I arrive, set up camp, then head to the beach to try and catch some rays. It’s a bit chilly for the bathing suit, but oh well, I’ll take this sunny day. The sun sinks lower on the horizon, gradually dipping below the vast ocean, casting a brilliant display of red and orange hues into the clear skies. A spectacular sunset to mark my last night in California for this tour. I wait long after it has set, shivering a bit, underdressed, ecstatic, and tired. My quick ride in has me ready for bed. I chat a bit with Alvin and Alexia, meet a couple other cyclists, one who has ridden north from Big Sur. He crossed over from 101 on Nacimiento-Fergusson Road, a route I will likely have to take next time if the Mud Creek slide still blocks Route 1. I retire to my tent, fall asleep quickly.

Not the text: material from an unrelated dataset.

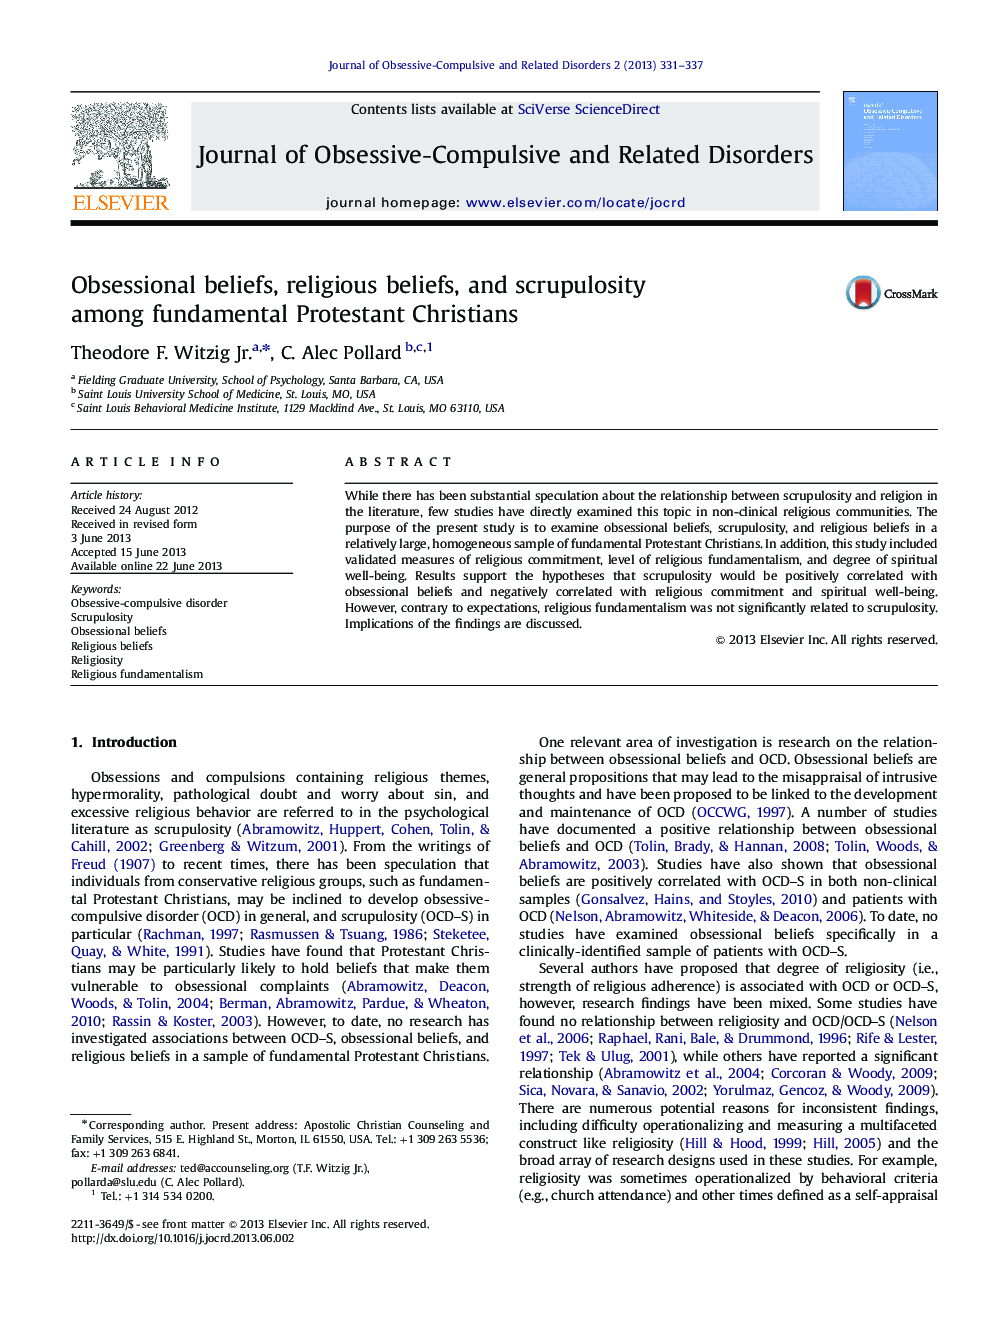 Obsessional beliefs, religious beliefs, and scrupulosity among fundamental Protestant Christians

I’m woken several times by rustling and growling of raccoons, rummaging through the panniers of my companions. Annoying beasts, quite bold in the state parks. So much good eating left around careless humans. I’m also excited at the ride, heading back and catching the train home. Dawn comes soon, and a chilly foggy sky greets us. I pack and head over the Cafe Society for coffee and breakfast. Alvin and Alexia join me, and we spend a long morning sharing stories of our journeys, talking more than a bit of politics, relationships, making the world a better place. I feel a kinship growing, and am eager to read of their further travels as they continue south through Central and South Americas.
The sun has cleared most of the fog as I head out. Hugs and pictures with my friends, then I wish them “safe ride” and pedal off. Still chilly, but clear and bright. A beautiful ride, retracing my path back north. Around the crescent bay, then climbing through Montara and up to the Devil’s Slide, northbound tunnel this time. I descend the scary curves, this time ahead of the traffic, easy to keep pace around the tight corners. On through Pacifica, a coffee stop at the Chit Chat again, to rest and get ready for the Daly City climb. Quite steep this way, I have to stop once. I’m so glad for the tiny gear on my crank, able to spin up this ridiculous grade. I reach the top and let out a whoop. Last big hill in California!
There’s a bit more of a climb, up John Daly Boulevard, and then I’m catching the BART, over to visit another friend and have dinner with my boys. My tour is nearing the end, and yet I feel my journey is just beginning. I’m present to the moment, carrying a compassion for my past and an excitement for the possibilities that are yet to come. A long Amtrak ride on the Coast Starlight will give me ample time to reflect, rest, ready myself for my renewd Oregon life. I am ready to go home.